> **Problem to solve**
Where the data below shows a picture, leave that picture out and copy the rest exactly.

> **Input data**

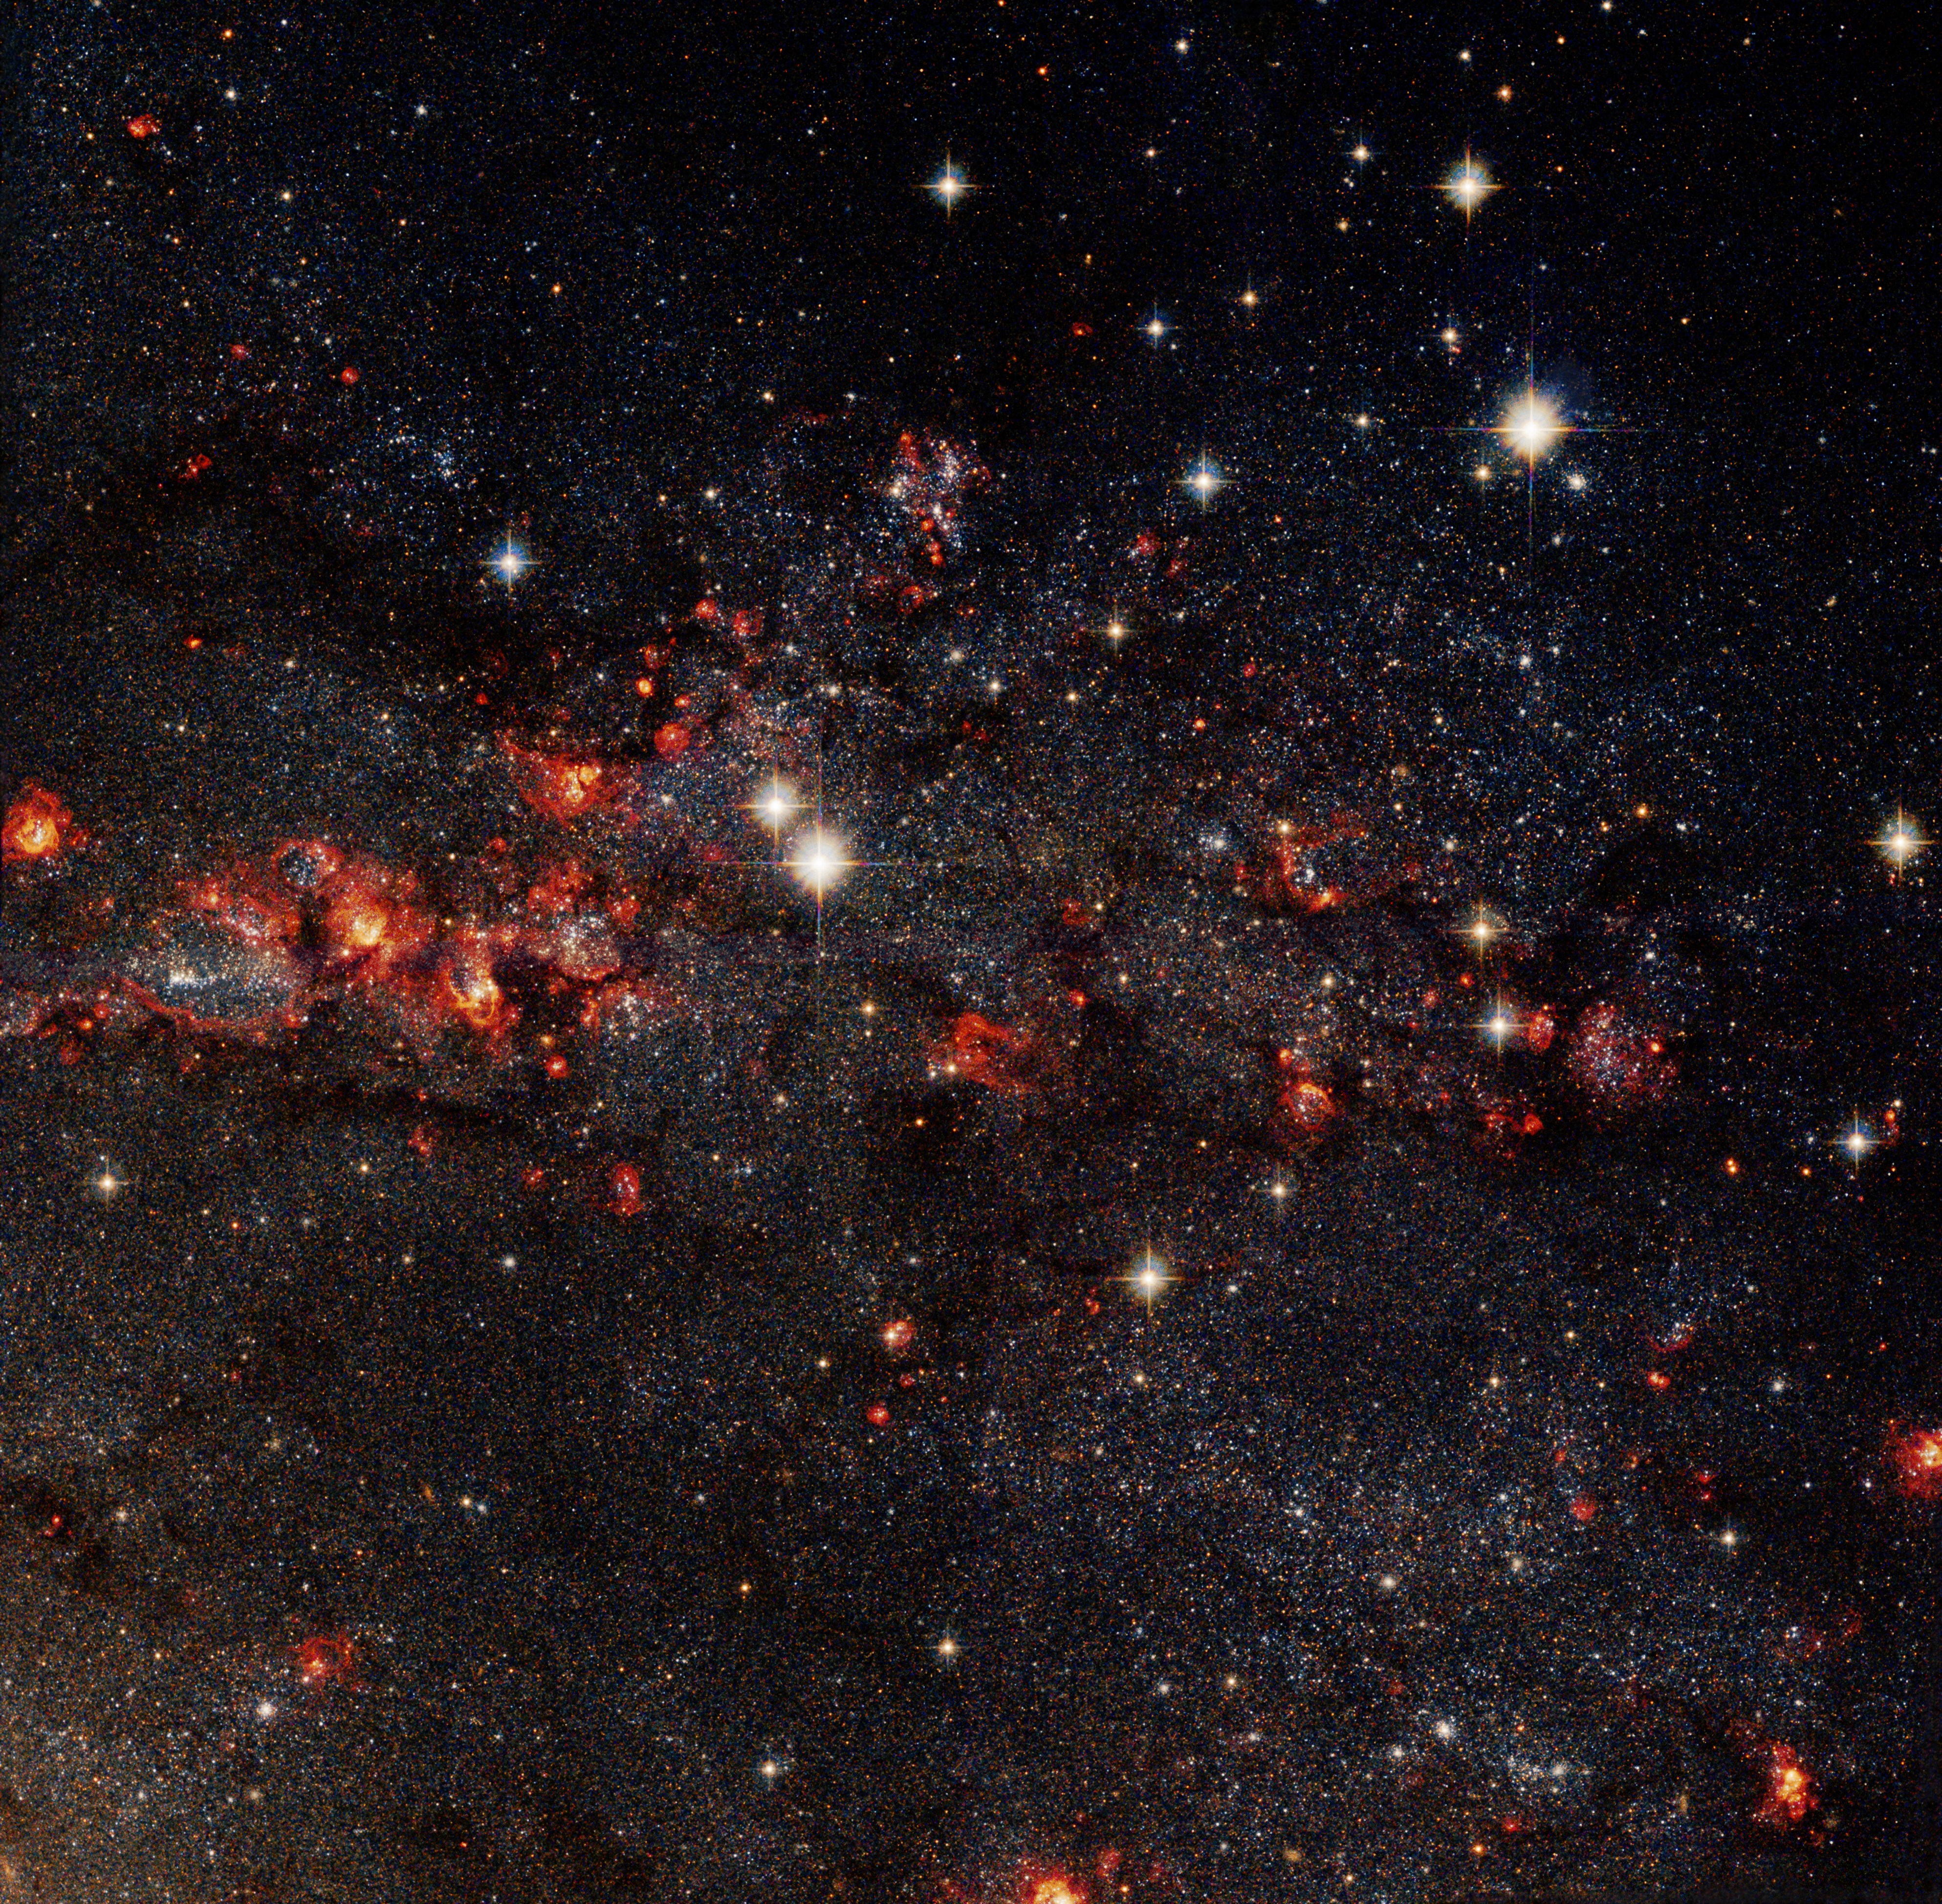 On the left side of the image is a spiral galaxy, on the right the inset shows a zoom in with dark red stars and dust and gas.
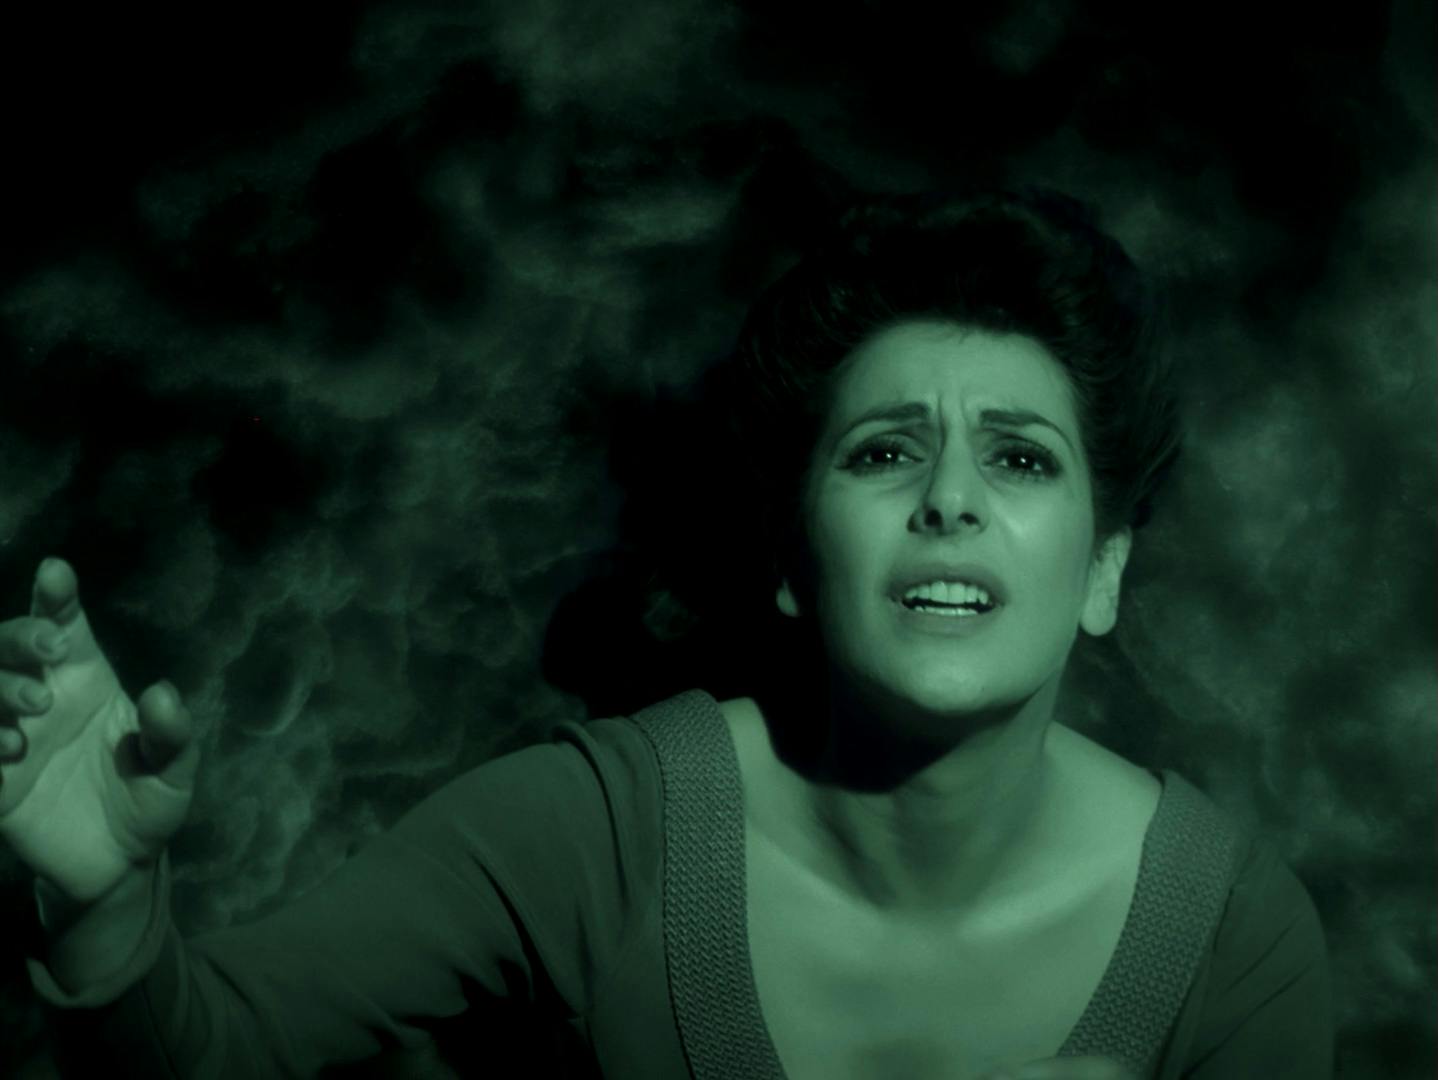 Deanna Troi distorts her face in pain and anguish as she looks above her towards an unknown entity in 'Night Terrors'
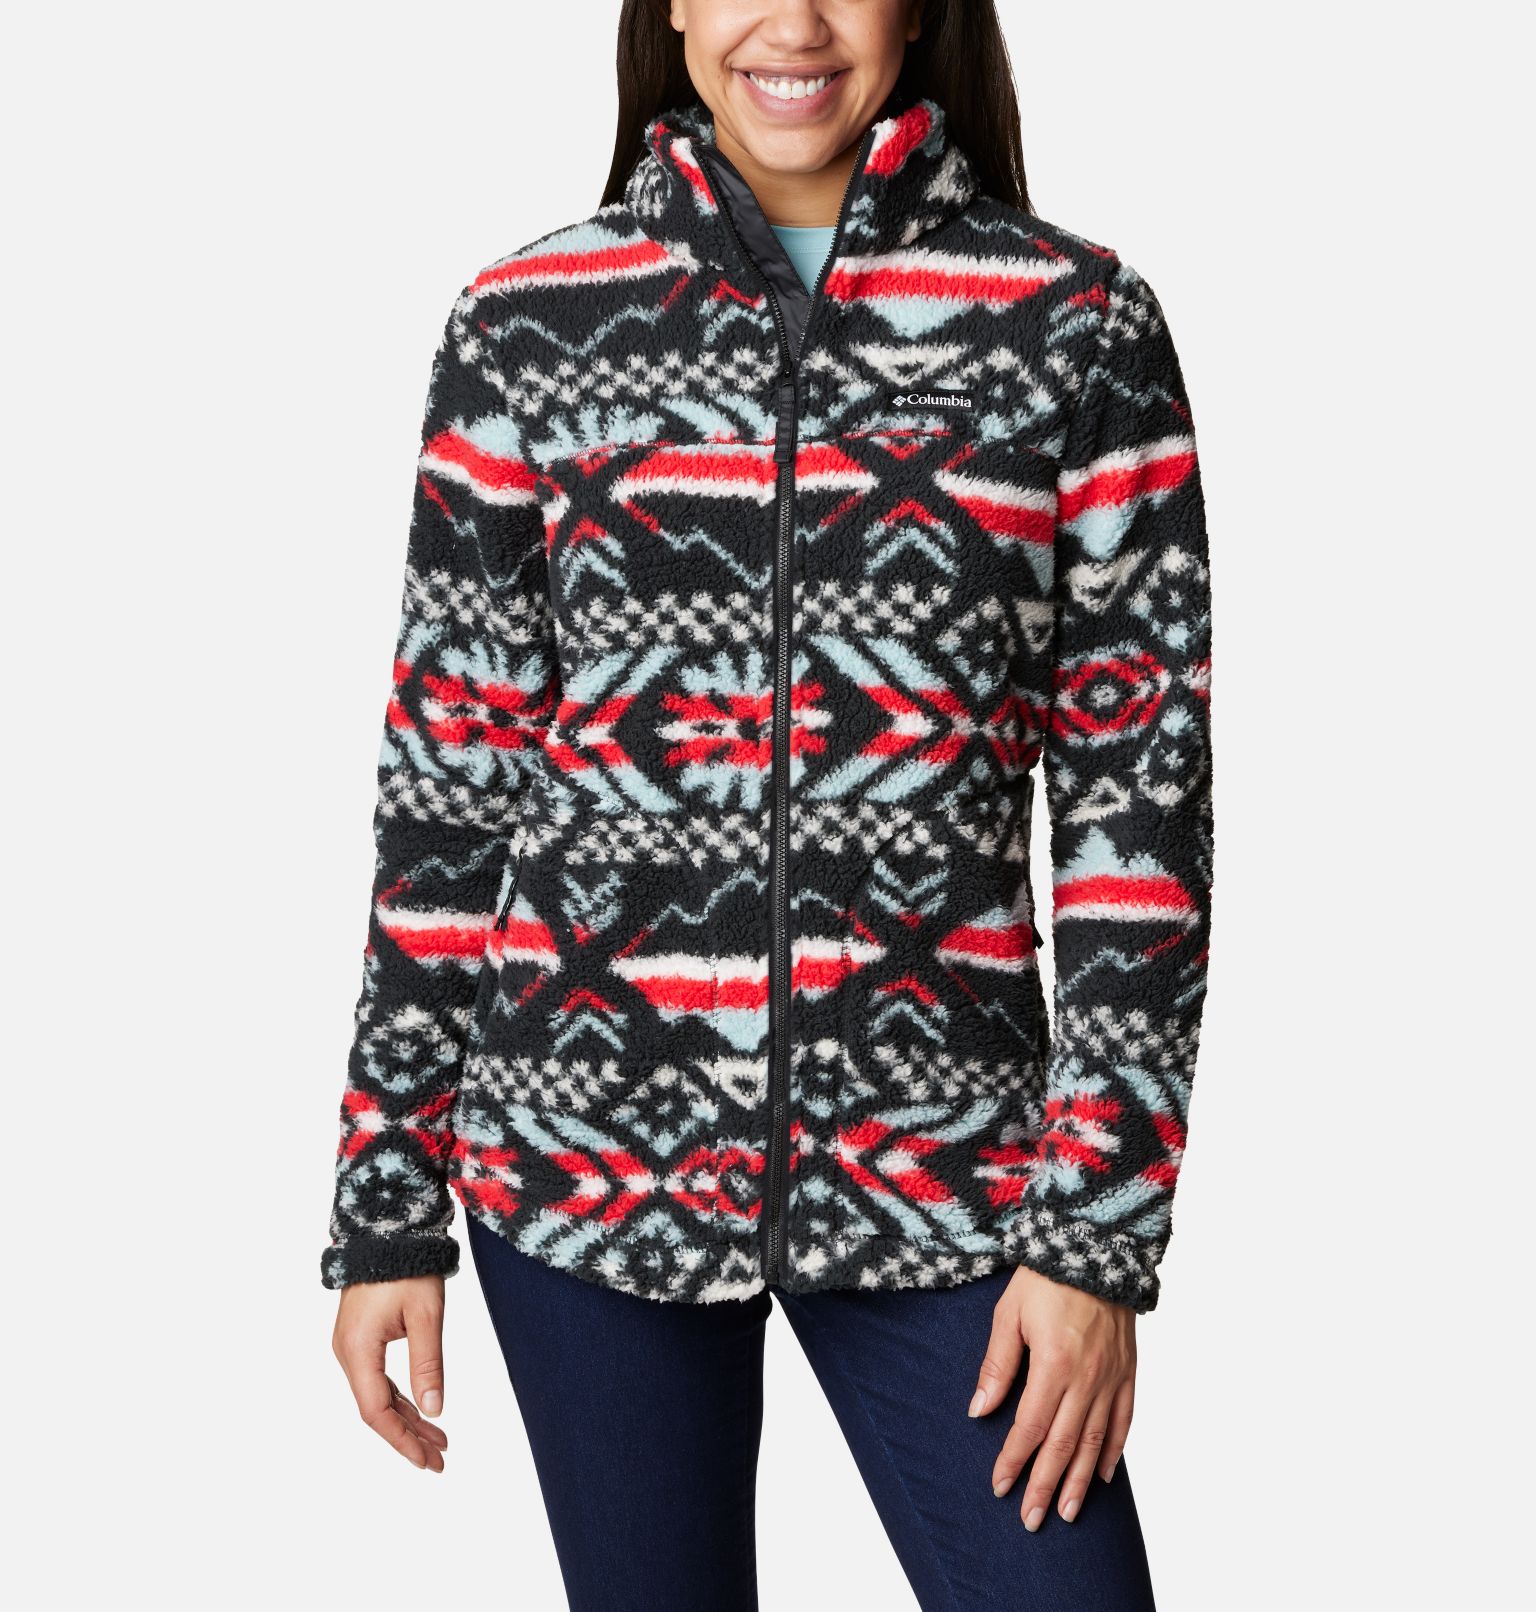 Columbia Extra 20% Off Sale: Women's West Bend Full Zip or Quarter Zip Jacket $25.20 & More + Free Shipping

> **Expected answer**
 On the left side of the image is a spiral galaxy, on the right the inset shows a zoom in with dark red stars and dust and gas.
 Deanna Troi distorts her face in pain and anguish as she looks above her towards an unknown entity in 'Night Terrors'
 Columbia Extra 20% Off Sale: Women's West Bend Full Zip or Quarter Zip Jacket $25.20 & More + Free Shipping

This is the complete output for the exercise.